I swear this is not made up, but I am not sure if the maid has gone for counselling or if she has been sent back to Cambodia.

And here’s another one. There is a friend who installed CCTV at his home so he could monitor what’s happening there from his office. Lucky for him – he found out he had a psychopath on his hands when he saw his Indonesian maid regularly talking to her image in the mirror and rolling on the floor laughing hysterically.

She would burn so-called blessed papers, presumably jampi, and insist that his children consume them before they went to school. The final straw came when she asked my friend to post her “love letters” – addressed to President Suharto!

Again, we are not sure if she’s safely back and undergoing mental treatment in her home country or if she’s with another new Malaysian tuan.

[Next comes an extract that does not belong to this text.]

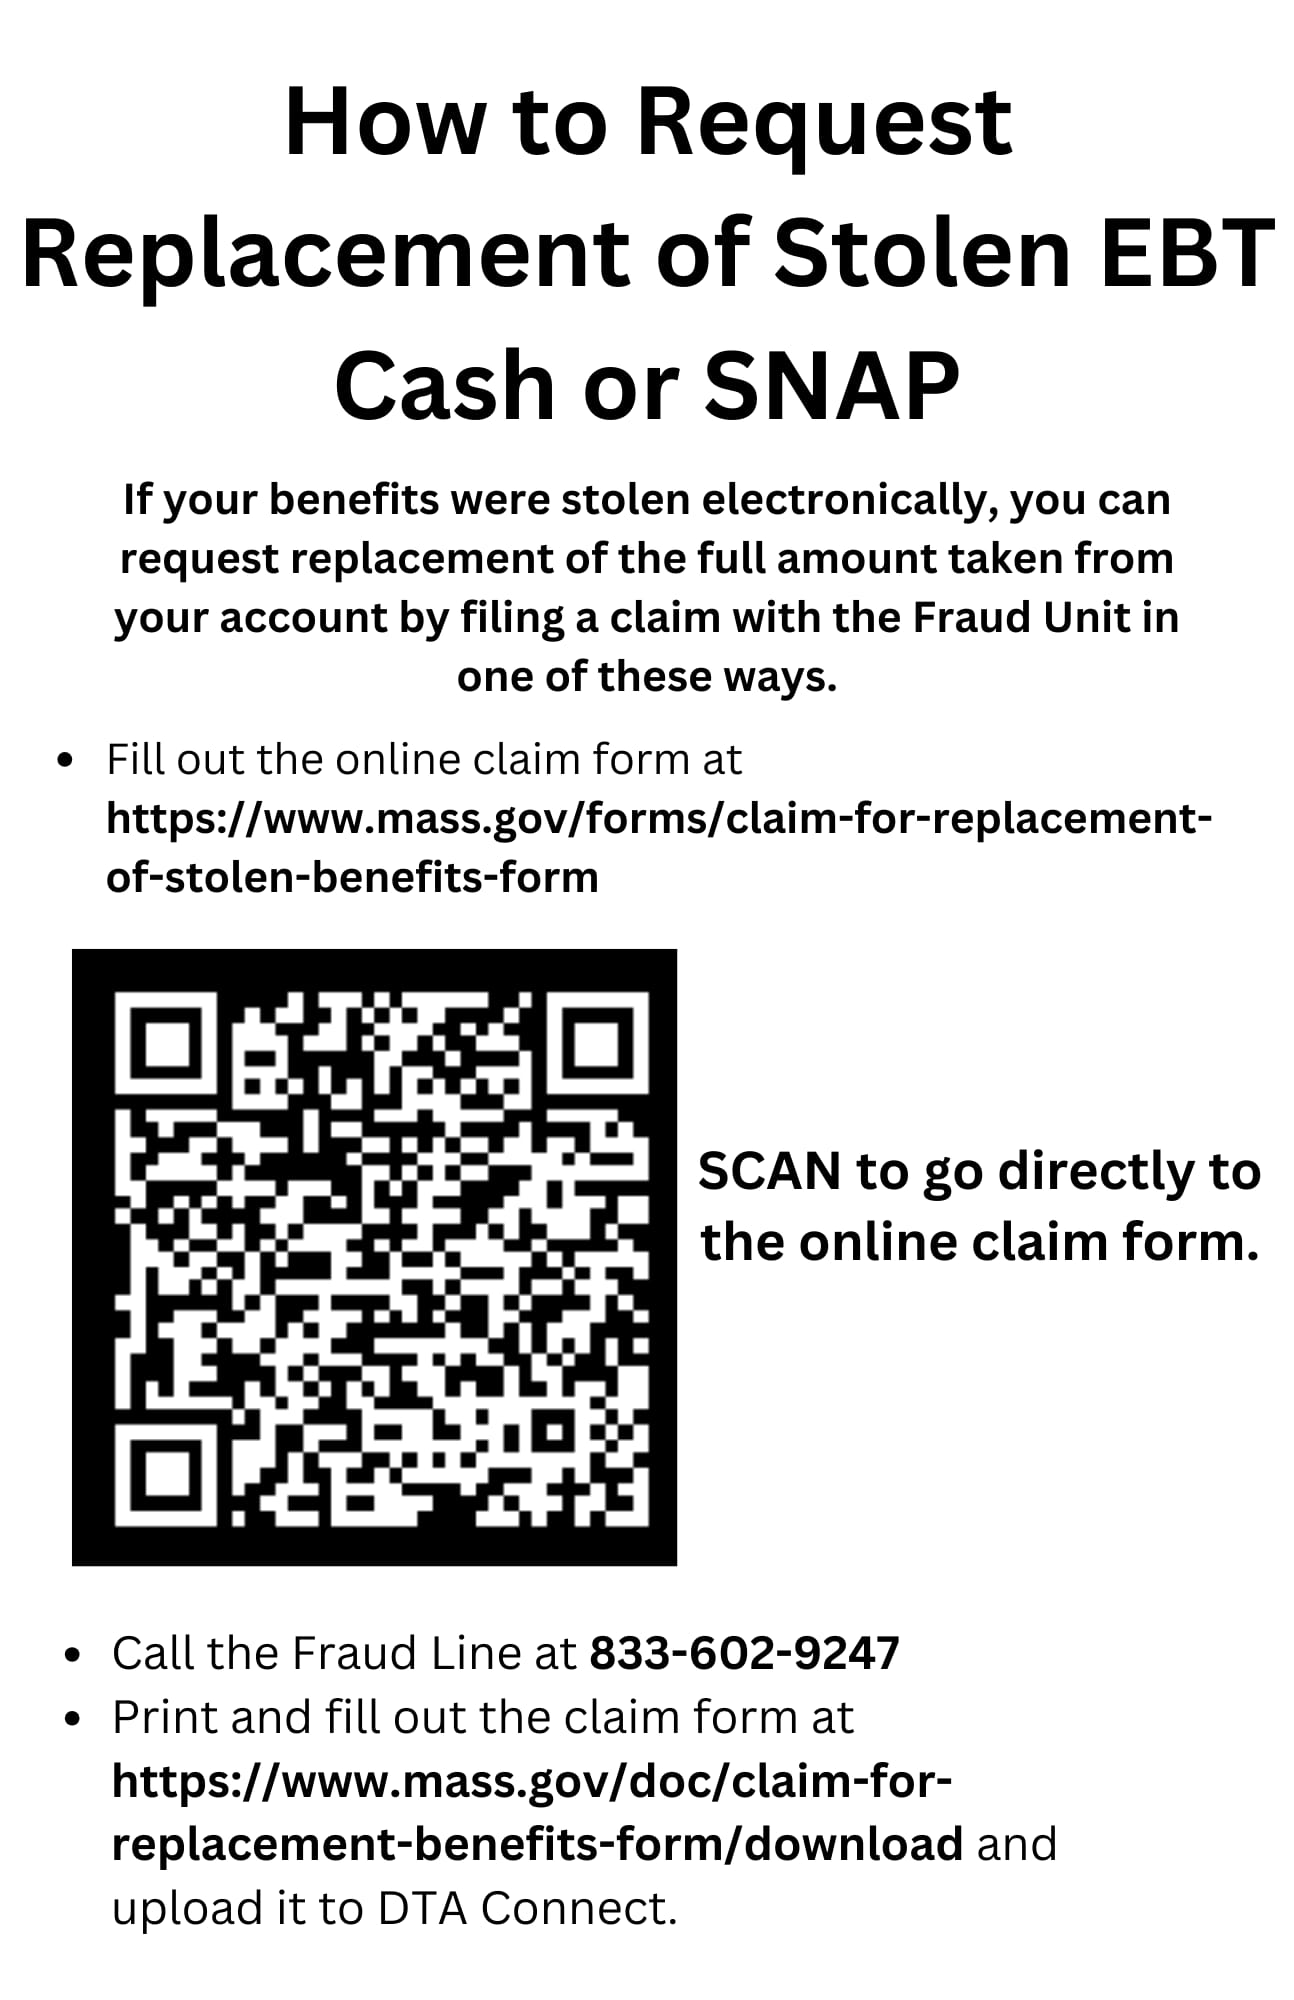 Infographic explaining how to submit a claim for stolen benefits to Mass DTA, including a QR code that goes directly to the online benefits claim form

Hope someone tells her there’s now a new Indonesian president.

There may be stories of maids being abused and certainly Malaysians in their right mind would not tolerate such incidents. It gives our country a bad name and also leads to pressure from their countries to slow down the numbers coming in to Malaysia.

But there are also stories of Malaysian employers who suffer emotional and financial abuse from maids. These are less reported but that does not mean they are isolated cases or it’s simply because non-governmental organisations are not taking up cases of abused employers.

So, Malaysians are not amused when Indonesia tells us that their maids headed here will only perform one task and must be paid RM700 for that.

I believe Malaysian employers would not mind paying more, but not for less work. Pressing frustrated employers with such unreasonable demands is certainly going overboard.

It has been reported that the fresh batch of 106 Indonesian maids headed here would only carry out one task for their bosses. They would be trained to do four household chores – cooking, babysitting, taking care of the elderly, and housekeeping – but will perform only one of these tasks for their employers.

The report stated that the workers were undergoing four skills training courses over 21 days and must be paid RM700 a month by their Malaysian employers.

The Malaysian Maid Employers’ Association and Malaysian National Association of Employ­ment Agencies have rightly questioned the announcement. Come on, this one is surely a bad deal.